I now plan to transition to the next phase of my plan, which is to keep my handsize up and install Plascrete, hopefully enough to survive two Booms (barring shenanigans like Best Defence). I begin the turn with a speculative run on HQ hoping to close the game before it gets to that. The Corp offers his cards to me at such an angle that I catch a glimpse underneath them and can tell which one is the Boom. Honesty overrides my desire to win and I inform my opponent about this and he shuffles the cards and re-offers them to me. I pick a card randomly and it turns out to be the Project Beale that wins me the game.

Corp vs Hayley

My opponent informs me has considered playing Architects of Tomorrow in the past and mentions that he wonders what it can do, and I respond that I'll show him. I'm off to a strong start with flowing install-econ that I use to set up strong defences on my centrals and I also drop a SanSan City Grid that he doesn't check. I rez it and score out an ABT, seeing a potential rushing window as he doesn't have much econ and needs to set up his board state. Sure enough he leaves the SanSan alone while he sets up and I top-deck a second ABT that I immediately score out. This is a very strong start for me that convinces the runner to hurry up and trash the SanSan.

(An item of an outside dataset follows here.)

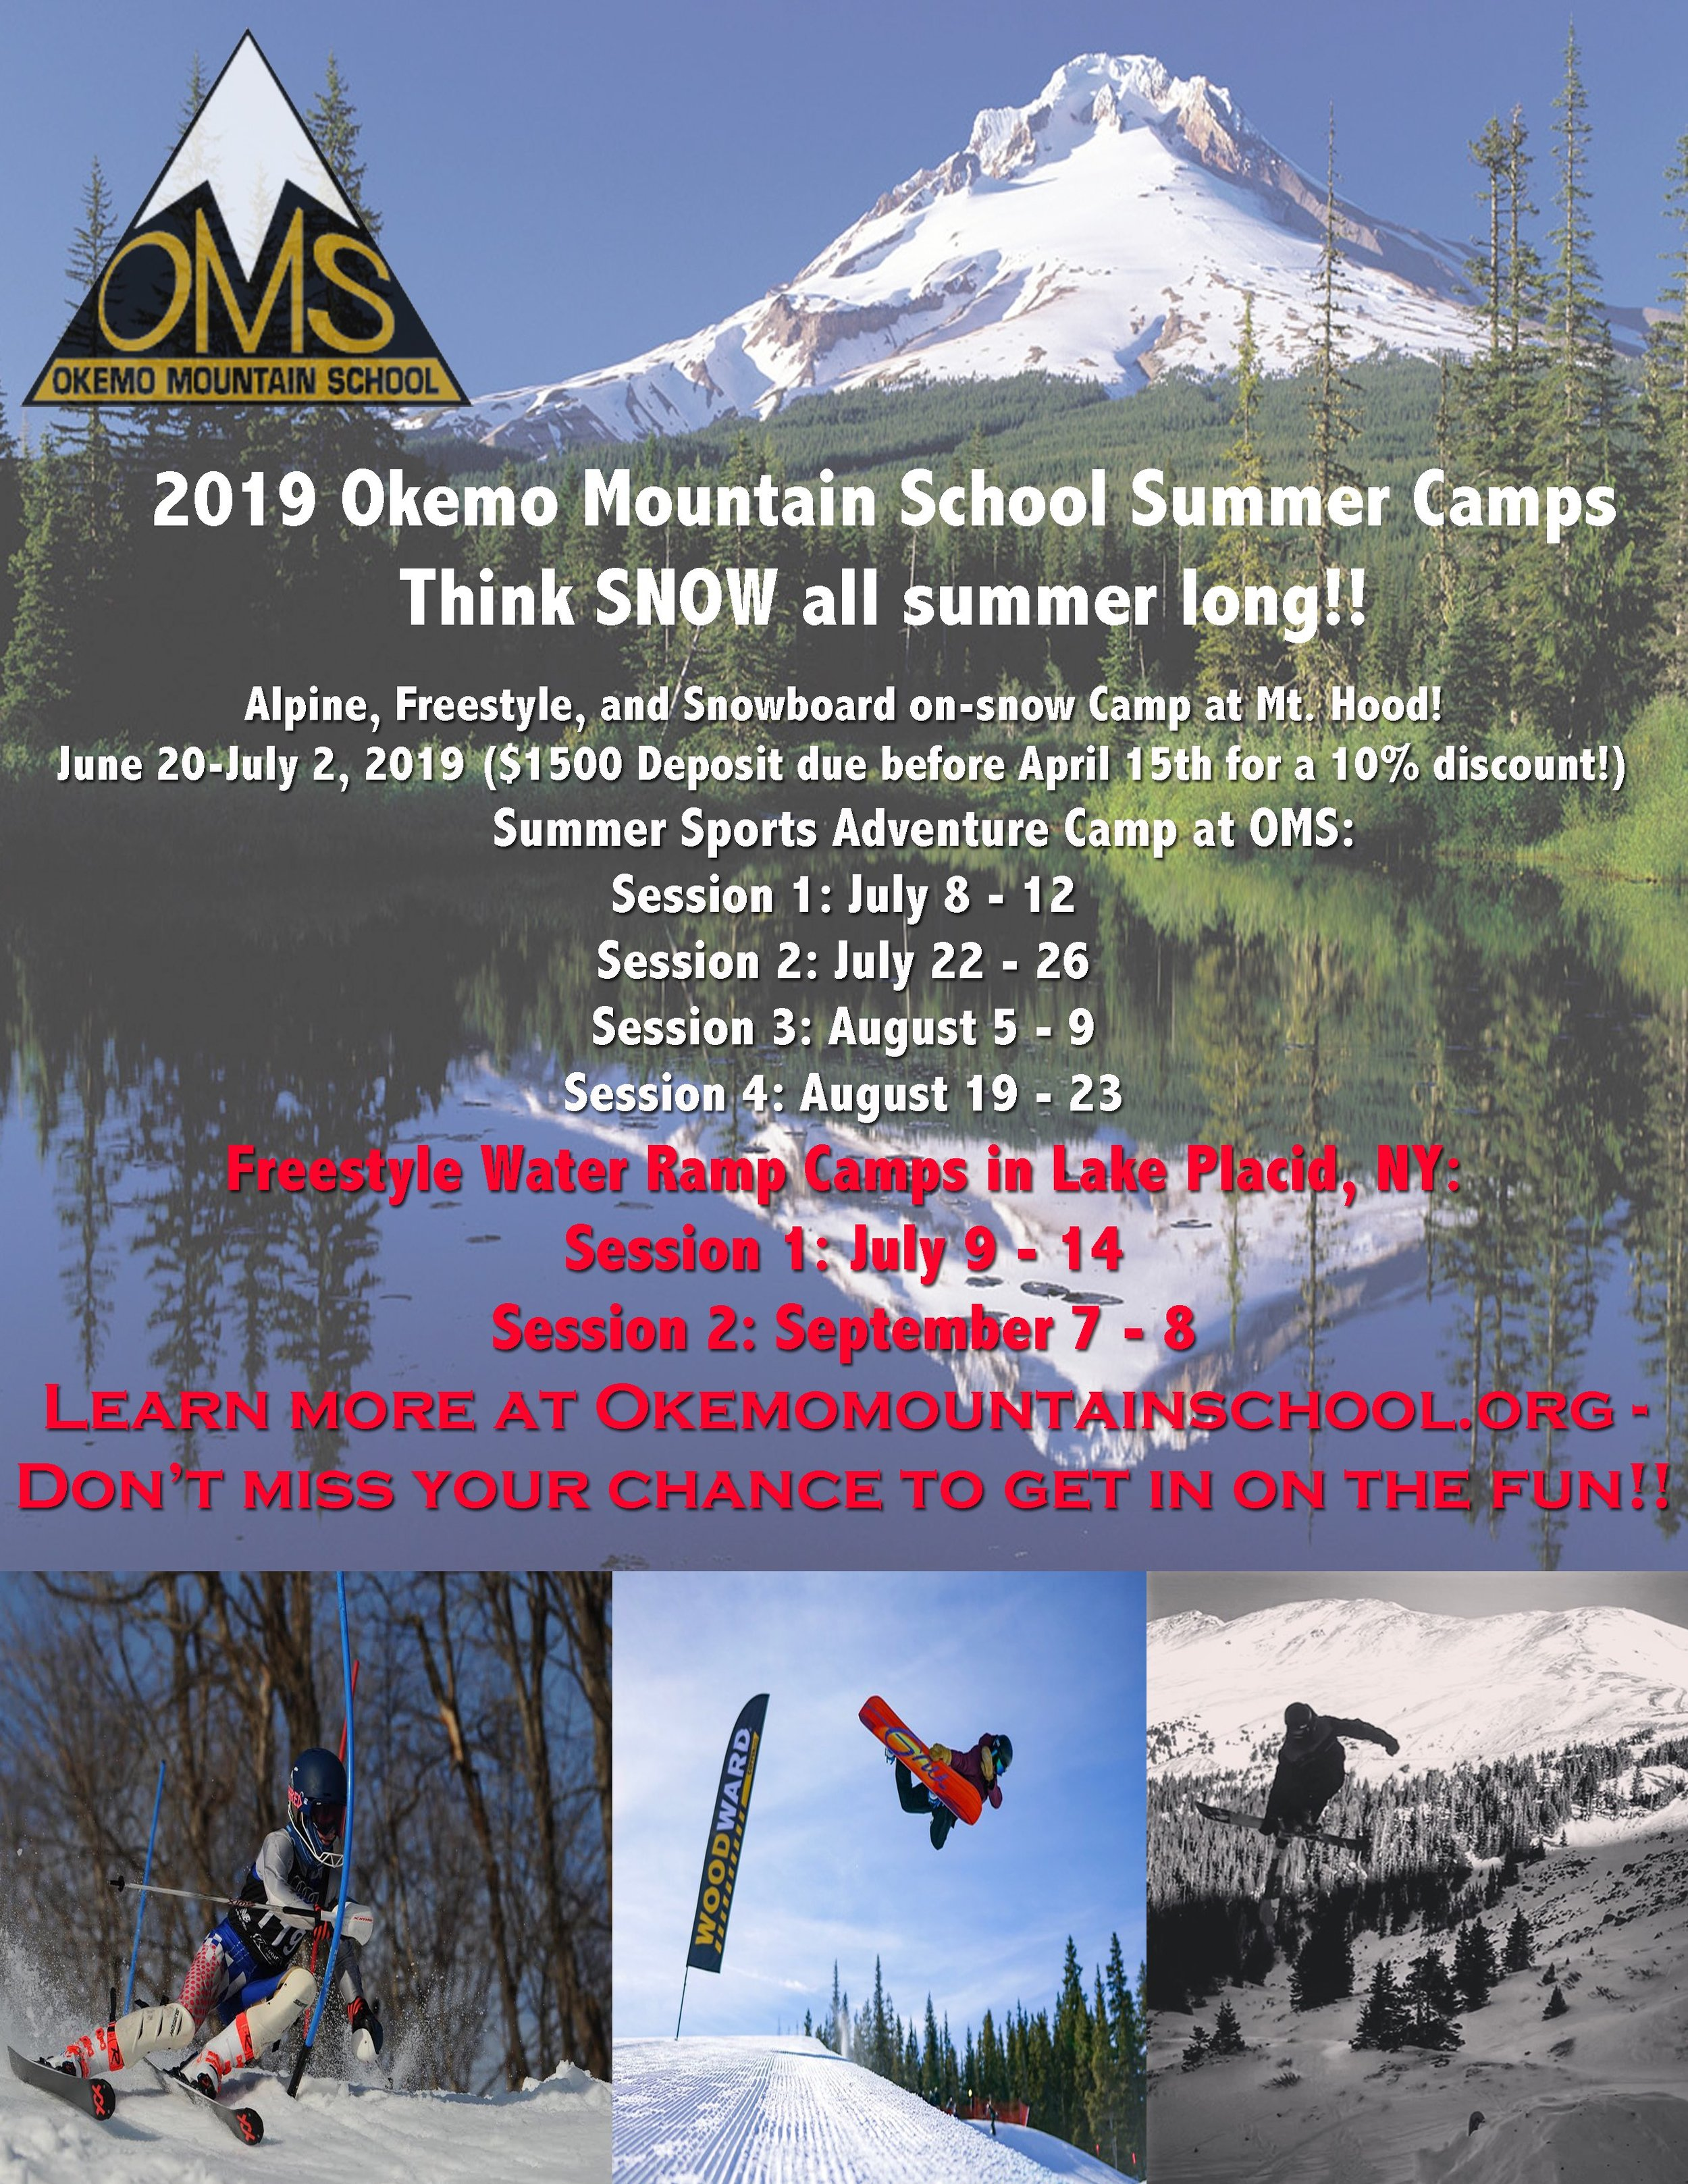 OMS 2019 Summer Camps .jpg

My opponent shortly recovers his econ situation but by that time I have a double-ICEd remote that I install into. He runs the remote, and I hard rez the unique Fairchild (Mother Fairchild / Fairchild Prime / Omega Fairchild). The run isn't fruitful as my install was only an Ash and I announce that I plan to install something in this new, very taxing server every turn. With some Shaper trickery he searches for and installs a Cyber-Cypher on this remote but even with that efficient breaker it costs him 8 credits each time he wants to check my server. I begin installing into it every turn and my bluff game is strong, risking nothing but inducing him to check it a few times, greatly draining his once-vast credit pool. At one point he runs on the remote it seems he is too poor for him to break in, and the plan turns out to be triggering Dean Lister and then spending cards to boost Faust. Now I had read the Unofficial FAQ a few days beforehand but my opponent wasn't aware that Lister had been UFAQ'd to update its strength boost when the number of cards in hand changes. An honest mix-up but I didn't offer to let him take the run back as I had critically revealed information by rezzing a Ravana 1.0. My opponent was slightly crestfallen and I offered to show him the UFAQ but he was satisfied to take my word for it. Unintended stuff-up on his part, and I'm sure that neither him nor I felt good about it.

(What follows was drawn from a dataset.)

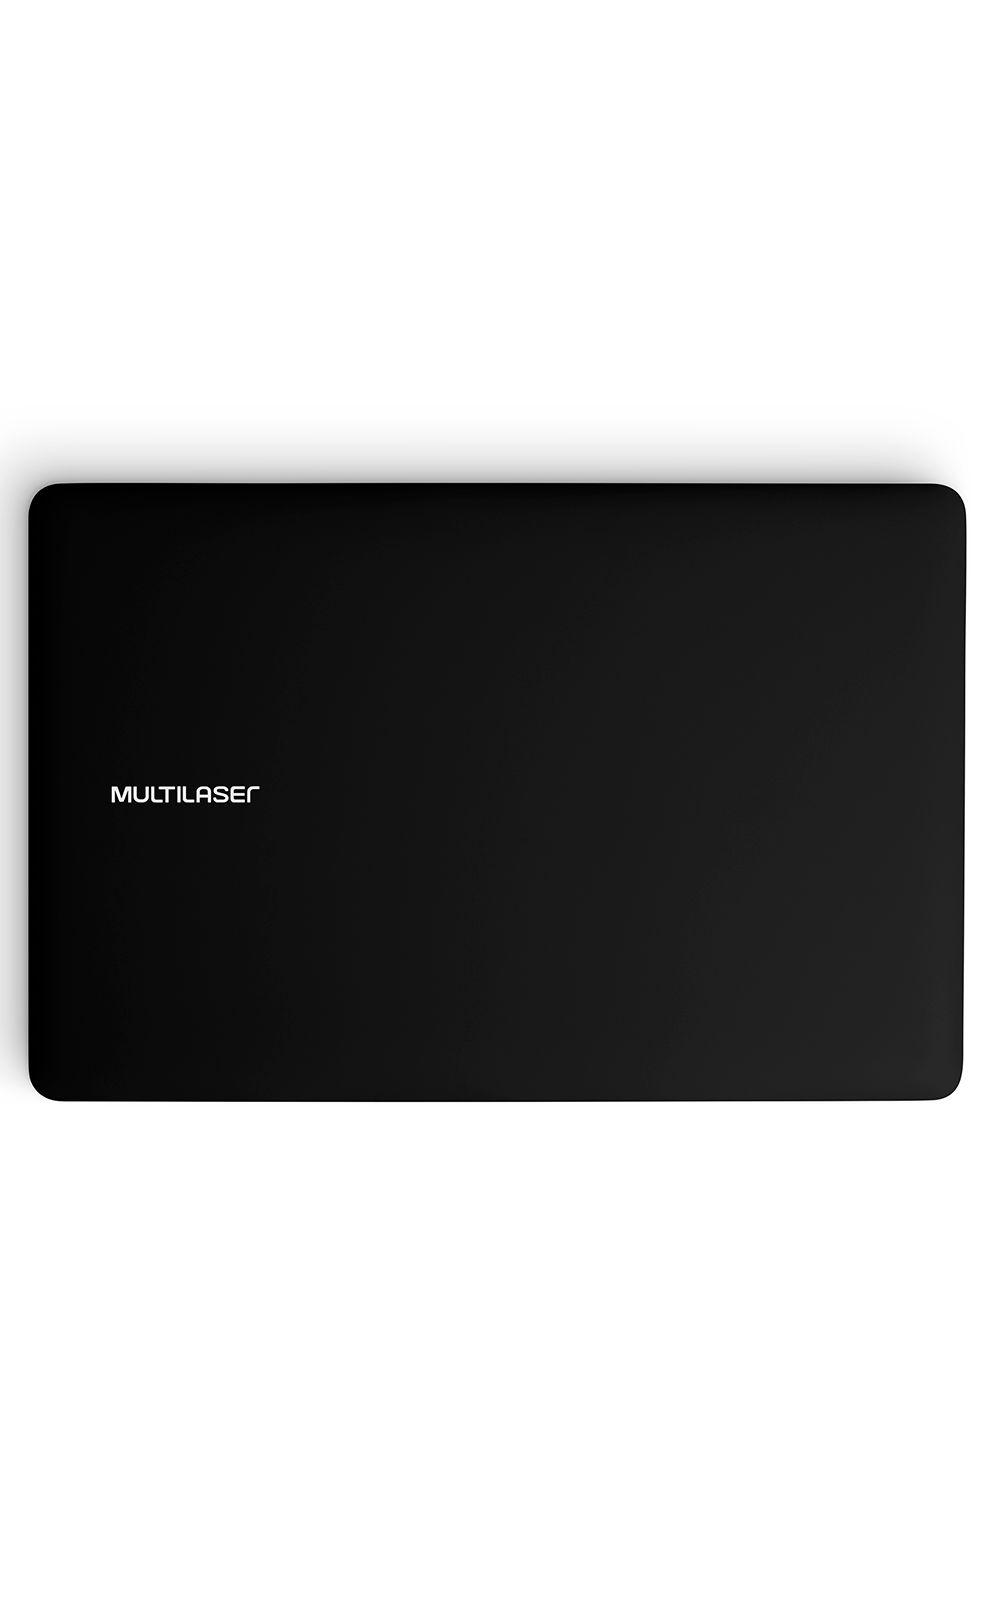 Foto 4 - Notebook Legacy Intel Quad Core Tela Hd 14 Pol. Windows 10 Ram 2Gb Multilaser Preto - PC101

By the mid game the runner has several Daily Casts, an Aesops and Kati Jones and as such is able to generate vast sums of credits on short demand, but even this can't keep up with the relentless toll of checking my server every turn (now 11cr per check). Eventually he stops checking and my timing is perfect as I score out a the Project Vitruvius I had risked on a Never Advance play. An earlier R&D dig had been fruitful for him so we were on 6AP to 2 and I'm feeling confident. My defensive upgrades had been expended and then trashed from using them as remote server bait, but I then draw into a Biotic and aim to close the game the next time I draw a 3/2. I see the runner has a Self Modifying Code installed so I half-expect that a Clot might appear. I am fine to take the risk since, if the attempt fails, the agenda will still be in the expensive scoring remote and can work to help bankrupt the runner again. I Biotic and IAA the agenda in the remote server and sure enough the runner fetches a Clot. There is a Cyberdex in the deck but I was playing aggressively to make the most of my strong lead and wanted to catch the runner out on a prospective scoring window rather than waiting any longer. Unfortunately the unexpected then happens as the runner begins his next turn by moneying up and then playing Mad Dash to get into the remote. I had expected the runner to fetch the agenda but figured he would still need to steal two more to win. With Mad Dash he now only needs one more agenda to win the game - unexpectedly putting him on match point. This would greatly influence my baiting potential. The runner then finishes the turn by installing a Sacrificial Construct - a wise move because I had intended to purge away the Clot to allow for another Biotic (I had yet to see a Clone Chip). My plan from now was to purge every turn until the Clot dies, then maybe Ark Lockdown it, and then Biotic out the final agenda while keeping R&D prohibitive to get into. I purge away the Sacrificial Construct and on the runner's turn they money up and land a Maker's Eye. The third card is an agenda that wins them the game. It was a shame to lose this game after getting off to such a strong start but this was the mistake of the Biotic play. I had known full well that Clot was a risk and was fine with the repercussions. What I had not expected was the risk of Mad Dash giving me one less agenda steal to play around with.

Final Score: 5 - 3

Conclusion

The scores are read out from bottom to top and I am wracked with anticipation as they get to 10th and 9th, hoping I would make the top 8 and score a playmat. I am neither 10th nor 9th and I feel relief that I have achieved the top 8. Then several more names come out that are not mine. The final result is far better than I expected - I am tied for 4th place out of sixteen players. Unfortunately the tiebreaker (Strength of Schedule) does not go my way and I have missed out of the cut to the top four. Regardless, I have finally obtained my first won playmat, playing with it in future will be a sign of this day's success. In fact, my personal goal had only been to finish in the top half of the rankings, and I am very pleased with exceeding this by so much.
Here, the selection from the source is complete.